The pen may not be as mighty as the keyboard these days, but California and a handful of states are not giving up on handwriting entirely.
Bucking a growing trend of eliminating cursive from elementary school curriculums or making it optional, California is among the states keeping longhand as a third-grade staple.
The state's posture on penmanship is not likely to undercut its place at the leading edge of technology, but it has teachers and students divided over the value of learning flowing script and looping signatures in an age of touchpads and mobile devices.
Some see it as a waste of time, an anachronism in a digitized society where even signatures are electronic, but others see it as necessary so kids can hone fine motor skills, reinforce literacy and develop their own unique stamp of identity.

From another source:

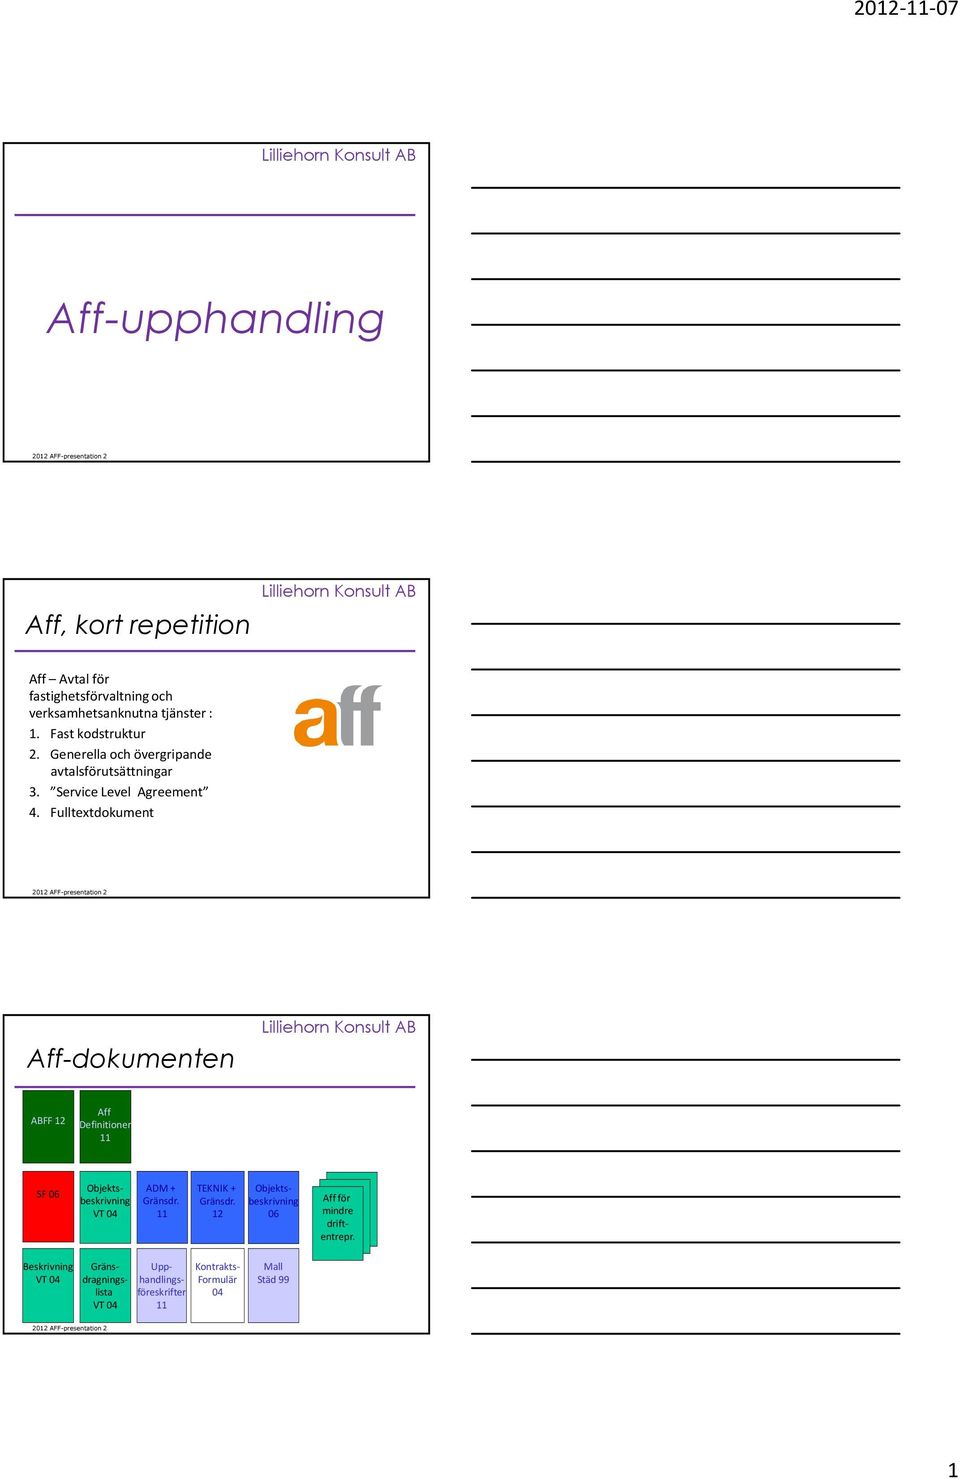 Fulltextdokument Aff-dokumenten ABFF 12 Aff Definitioner 11 SF 06 Objektsbeskrivning VT 04 ADM + Gränsdr. 11 TEKNIK + Gränsdr.

The debate comes as 45 states move toward adopting national curriculum guidelines in 2014 for English and math that don't include cursive handwriting, but require proficiency in computer keyboarding by the time pupils exit elementary school.
Several states, including California, Georgia and Massachusetts, have added a cursive requirement to the national standards, while most others, such as Indiana, Illinois and Hawaii have left it as optional for school districts. Some states, like Utah, are still studying the issue.
Whether it's required or not, cursive is fast becoming a lost art as schools increasingly replace pen and paper with classroom computers and instruction is increasingly geared to academic subjects that are tested on standardized exams. Even the standardized tests are on track to be administered via computer within three years.
Experts say manuscript, or printing, may be sufficient when it comes to handwriting in the future.
"Do you really need to learn two different scripts?" said Steve Graham, education professor at Arizona State University who has studied handwriting instruction. "There will be plenty of kids who don't learn cursive. The more important skill now is typing."
Cursive still has many proponents who say it benefits youngsters' brains, coordination and motor skills, as well as connects them to the past, whether to handwritten historical documents like the Constitution or to their parents' and grandparents' letters.
Longhand is also a symbol of personality, even more so in an era of uniform emails and texting, they say.
"I think it's part of your identity and part of your self-esteem," said Eldra Avery, who teaches language and composition at San Luis Obispo High School. "There's something really special and personal about a cursive letter."
Avery also has a practical reason for pushing cursive â" speed. She makes her 11th grade students relearn longhand simply so they'll be able to complete their advancement placement exams. Most students print.
"They have to write three essays in two hours. They need that speed," she said. "Most of them learned cursive in second grade and forgot about it. Their penmanship is deplorable."
For many elementary school teachers, having children spend hours copying flowing letters just isn't practical in an era of high-stakes standardized testing.
Third-graders may get 15 minutes of cursive practice a couple times a week, and after the fourth grade, it often falls off completely because teachers don't require assignments to be written in cursive. When children write by hand, many choose to print because they've practiced it more.